HIGHLIGHTS/LOWLIGHTS: the mountains obviously, although not one of China’s 5 sacred Buddhist mountains the Huangshan or Yellow Mountain range are bloody awesome.... within seconds of stepping off the eastern chairlift Paul declares it his no1 sight.... It’s the classic Chinese mountain picture with the contorted pine tree and the bare grey granite mountainside....certainly not the 90min wait for the cable car to go up. We could have walked but it’s a 4hr hike and unlike almost everyone else we didn’t fancy spending the night in a dorm room at the top....having our packed lunch with the most stunning of views.... the god-awful mapping system.... there are about 70 different peaks and ridges all with cute mysticy sounding names. The problem is there are about 5 different maps going around all with different translations. The result is a bizarre version of the Times Crossword puzzle at 2,000ft. 5 across: clue: Simian Gesturing at Astral Body or Creature once thought to be early man waves limb skywards, answer: Monkey Waves at Sun...

...also no direction arrows at crossroads just a map without a “you are here” sticker....Paul’s Kung Pao chicken t-shirt (written in Chinese) turns out to be a big hit with the locals who laugh and shout “KUNG PAO CHICKEN!” whenever he comes into view, fun for the first 10minutes of the 3hr descent...turns out the simply stunning western descent is pretty dull and probably only looks decent on the way up cos you’re looking for anything to take your mind off the endless steps, cable car down and more time exploring the summits would have been far better, bloody Lonely Planet ... our joy at making it down to the shuttle bus with 30mins to spare is short lived as the bus driver sticks to the Chinese system of “I’m not leaving until every one of these seats is sold”....arriving in time for the last bus back to the city only to find there was no bus...our good fortune that the distinctive red bus receipt we were waving at random coach drivers was spotted by little Chinese student looking for the same bus. Our new best friend called the bus company demanding a bus to take us home...our bad luck that despite assuring us the last bus back was 4pm the driver now says he’s going to wait until 5pm in the hope of selling more seats  - we’re the only passengers... since the 5pm departure time means we’ll miss our 7pm train to Shanghai Rhaani calculates that it would cost us less to offer to buy every spare seat on the bus than having to buy new train tickets....

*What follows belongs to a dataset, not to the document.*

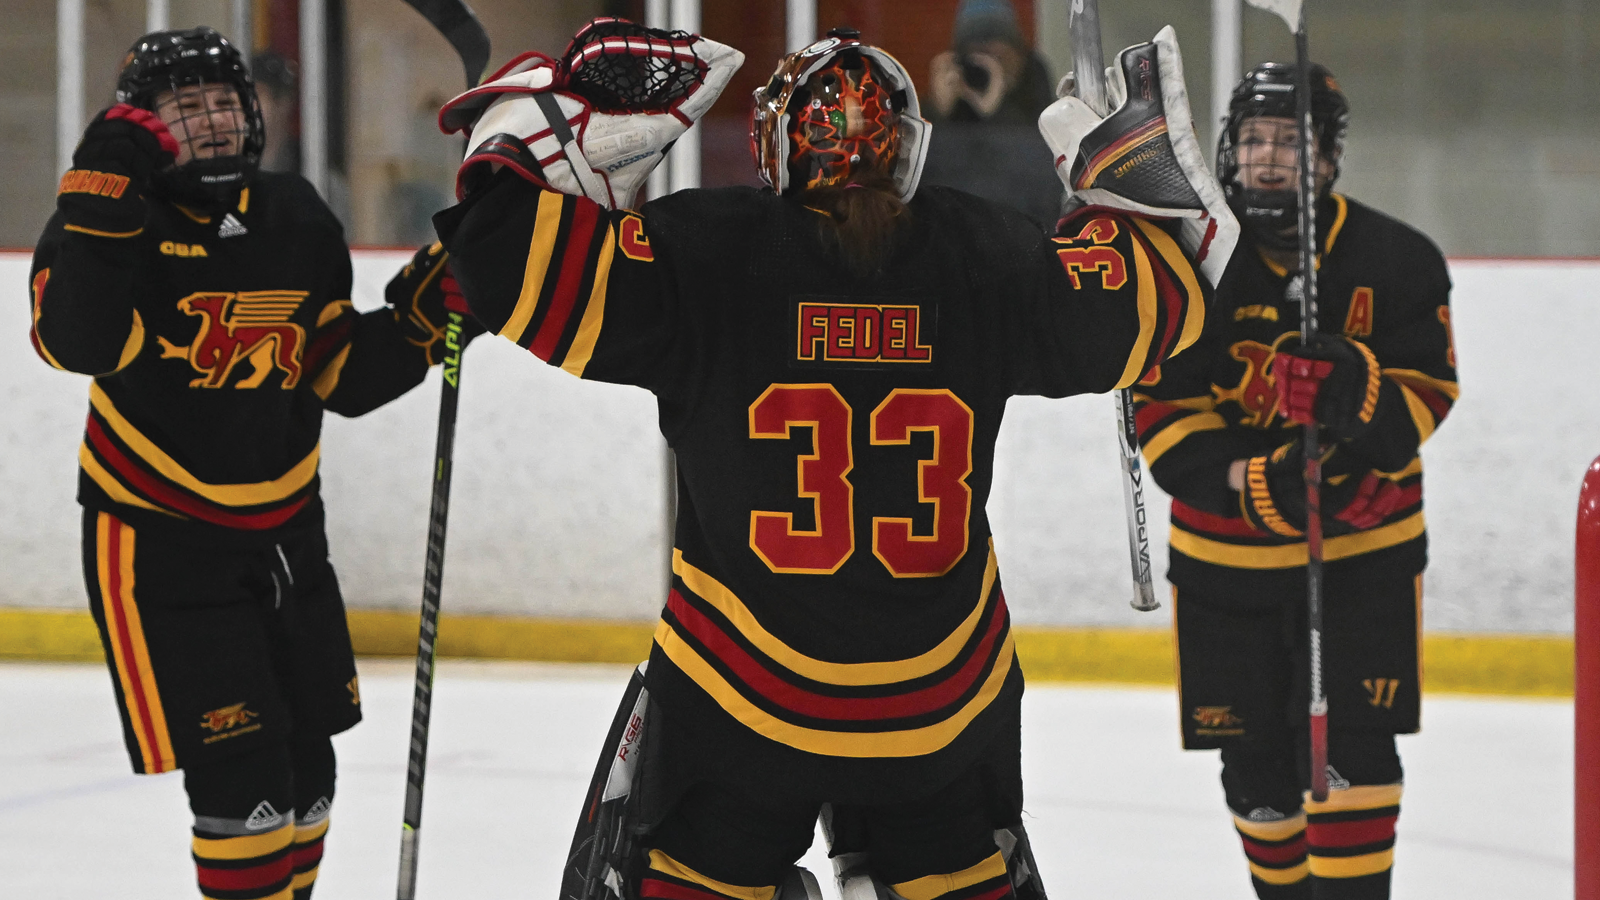 Guelph women's hockey goalie Martina Fedel celebrating on the ice with two of her teammates after a win

...thanks to our new pocket friend the driver starts driving us back to hostel....after a few minutes shouting on his phone the driver turns around and starts driving us back towards the mountains....we are ejected from the bus and squashed onto the 3.30pm bus with us forced to sit in the aisles ....everything seems to be going swimmingly until the police stop the bus and give the driver a ticket for having an overcrowded bus (as bad as Indian public transport was had this happened over there the driver would have been given a ticket for not having a full enough bus)....the upshot is the whities and their pocket guide must leave the bus, walk across six lanes of motorway traffic and flag down a passing local bus to try and get back to the hostel.... after a quick stop for street vendor noodles we make our train and relax for another overnighter.

THINGS LOST: nearly Paul’s left hand Black Diamond all terrain climbing glove but luckily he backtracked and found it on the path, one of our two plug converters...so complete lost list:  our really useful wire cable for tying rucksacks together, Rhaani’s pair of Teva all-terrain hiking sandals, plug converter.
THINGS STILL IN LIMBO: our £5 deposit for our hostel in Pingyao which we forgot to collect before we left. So far the hostel has been reluctant to post it to us and are now ignoring our emails.